* [WORK INSTRUCTIONS]: Copy out the lines of the records below, and only those lines, from the one with "Der Täter Halid" through the one with "Kostnadsfri bild av", exactly as they appear.

* [EXTRACTED MATERIAL]:
┌──
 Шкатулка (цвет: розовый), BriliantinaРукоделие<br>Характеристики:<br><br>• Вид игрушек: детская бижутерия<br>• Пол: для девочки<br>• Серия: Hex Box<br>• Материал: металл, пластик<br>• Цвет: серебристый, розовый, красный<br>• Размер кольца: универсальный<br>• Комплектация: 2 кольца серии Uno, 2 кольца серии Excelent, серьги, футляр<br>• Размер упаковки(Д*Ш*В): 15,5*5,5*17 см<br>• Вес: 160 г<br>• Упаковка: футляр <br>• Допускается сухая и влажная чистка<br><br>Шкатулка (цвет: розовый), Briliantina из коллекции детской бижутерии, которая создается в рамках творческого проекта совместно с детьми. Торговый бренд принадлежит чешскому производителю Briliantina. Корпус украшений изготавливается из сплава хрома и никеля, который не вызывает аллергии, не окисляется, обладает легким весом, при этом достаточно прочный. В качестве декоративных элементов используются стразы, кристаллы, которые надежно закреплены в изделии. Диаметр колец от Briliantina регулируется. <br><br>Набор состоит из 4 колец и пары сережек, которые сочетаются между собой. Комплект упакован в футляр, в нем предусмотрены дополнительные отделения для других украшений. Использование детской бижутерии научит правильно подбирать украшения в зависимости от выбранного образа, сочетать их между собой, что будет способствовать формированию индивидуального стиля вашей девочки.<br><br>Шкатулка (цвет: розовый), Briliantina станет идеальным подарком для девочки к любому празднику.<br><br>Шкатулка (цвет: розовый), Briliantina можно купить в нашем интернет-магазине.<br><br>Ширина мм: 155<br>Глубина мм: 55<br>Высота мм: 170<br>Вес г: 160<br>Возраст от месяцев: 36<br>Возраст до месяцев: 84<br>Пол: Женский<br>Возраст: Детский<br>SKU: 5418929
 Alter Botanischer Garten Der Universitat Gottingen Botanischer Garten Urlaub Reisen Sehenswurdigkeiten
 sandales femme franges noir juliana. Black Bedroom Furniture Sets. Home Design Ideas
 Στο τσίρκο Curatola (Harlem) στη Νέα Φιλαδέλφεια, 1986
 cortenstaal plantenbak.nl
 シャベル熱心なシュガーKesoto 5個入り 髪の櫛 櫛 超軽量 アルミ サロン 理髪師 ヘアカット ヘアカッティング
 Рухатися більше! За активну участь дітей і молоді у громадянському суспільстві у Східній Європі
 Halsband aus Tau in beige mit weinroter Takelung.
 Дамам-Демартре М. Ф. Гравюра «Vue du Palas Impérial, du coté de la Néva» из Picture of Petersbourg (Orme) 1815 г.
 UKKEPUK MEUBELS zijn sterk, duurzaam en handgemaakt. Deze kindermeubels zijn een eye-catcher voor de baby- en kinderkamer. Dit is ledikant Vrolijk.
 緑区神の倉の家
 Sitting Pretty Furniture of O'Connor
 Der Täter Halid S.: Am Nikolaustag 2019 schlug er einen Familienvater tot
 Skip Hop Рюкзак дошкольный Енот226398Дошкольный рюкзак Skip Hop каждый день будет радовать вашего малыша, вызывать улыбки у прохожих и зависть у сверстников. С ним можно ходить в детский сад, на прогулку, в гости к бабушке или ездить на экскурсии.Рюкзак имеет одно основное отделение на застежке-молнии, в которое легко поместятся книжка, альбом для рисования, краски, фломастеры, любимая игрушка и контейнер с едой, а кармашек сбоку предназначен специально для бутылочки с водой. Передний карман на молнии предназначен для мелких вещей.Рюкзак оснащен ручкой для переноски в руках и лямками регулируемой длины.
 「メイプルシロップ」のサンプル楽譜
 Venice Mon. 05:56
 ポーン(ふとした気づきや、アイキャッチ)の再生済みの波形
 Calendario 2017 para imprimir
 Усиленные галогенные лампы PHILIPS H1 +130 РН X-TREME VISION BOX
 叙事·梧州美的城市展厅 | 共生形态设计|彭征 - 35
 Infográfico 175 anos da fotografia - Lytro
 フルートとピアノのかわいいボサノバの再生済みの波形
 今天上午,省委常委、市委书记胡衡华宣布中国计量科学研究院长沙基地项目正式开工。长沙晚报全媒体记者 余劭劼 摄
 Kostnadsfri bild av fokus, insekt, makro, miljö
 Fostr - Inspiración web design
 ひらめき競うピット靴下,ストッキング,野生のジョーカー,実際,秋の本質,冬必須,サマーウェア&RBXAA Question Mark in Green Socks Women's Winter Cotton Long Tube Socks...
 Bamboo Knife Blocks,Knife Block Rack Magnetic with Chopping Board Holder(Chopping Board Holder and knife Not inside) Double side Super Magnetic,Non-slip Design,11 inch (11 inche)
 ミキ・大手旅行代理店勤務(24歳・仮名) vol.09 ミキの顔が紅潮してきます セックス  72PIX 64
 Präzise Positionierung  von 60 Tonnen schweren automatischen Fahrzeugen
└──
* [RESULT]:
 Der Täter Halid S.: Am Nikolaustag 2019 schlug er einen Familienvater tot
 Skip Hop Рюкзак дошкольный Енот226398Дошкольный рюкзак Skip Hop каждый день будет радовать вашего малыша, вызывать улыбки у прохожих и зависть у сверстников. С ним можно ходить в детский сад, на прогулку, в гости к бабушке или ездить на экскурсии.Рюкзак имеет одно основное отделение на застежке-молнии, в которое легко поместятся книжка, альбом для рисования, краски, фломастеры, любимая игрушка и контейнер с едой, а кармашек сбоку предназначен специально для бутылочки с водой. Передний карман на молнии предназначен для мелких вещей.Рюкзак оснащен ручкой для переноски в руках и лямками регулируемой длины.
 「メイプルシロップ」のサンプル楽譜
 Venice Mon. 05:56
 ポーン(ふとした気づきや、アイキャッチ)の再生済みの波形
 Calendario 2017 para imprimir
 Усиленные галогенные лампы PHILIPS H1 +130 РН X-TREME VISION BOX
 叙事·梧州美的城市展厅 | 共生形态设计|彭征 - 35
 Infográfico 175 anos da fotografia - Lytro
 フルートとピアノのかわいいボサノバの再生済みの波形
 今天上午,省委常委、市委书记胡衡华宣布中国计量科学研究院长沙基地项目正式开工。长沙晚报全媒体记者 余劭劼 摄
 Kostnadsfri bild av fokus, insekt, makro, miljö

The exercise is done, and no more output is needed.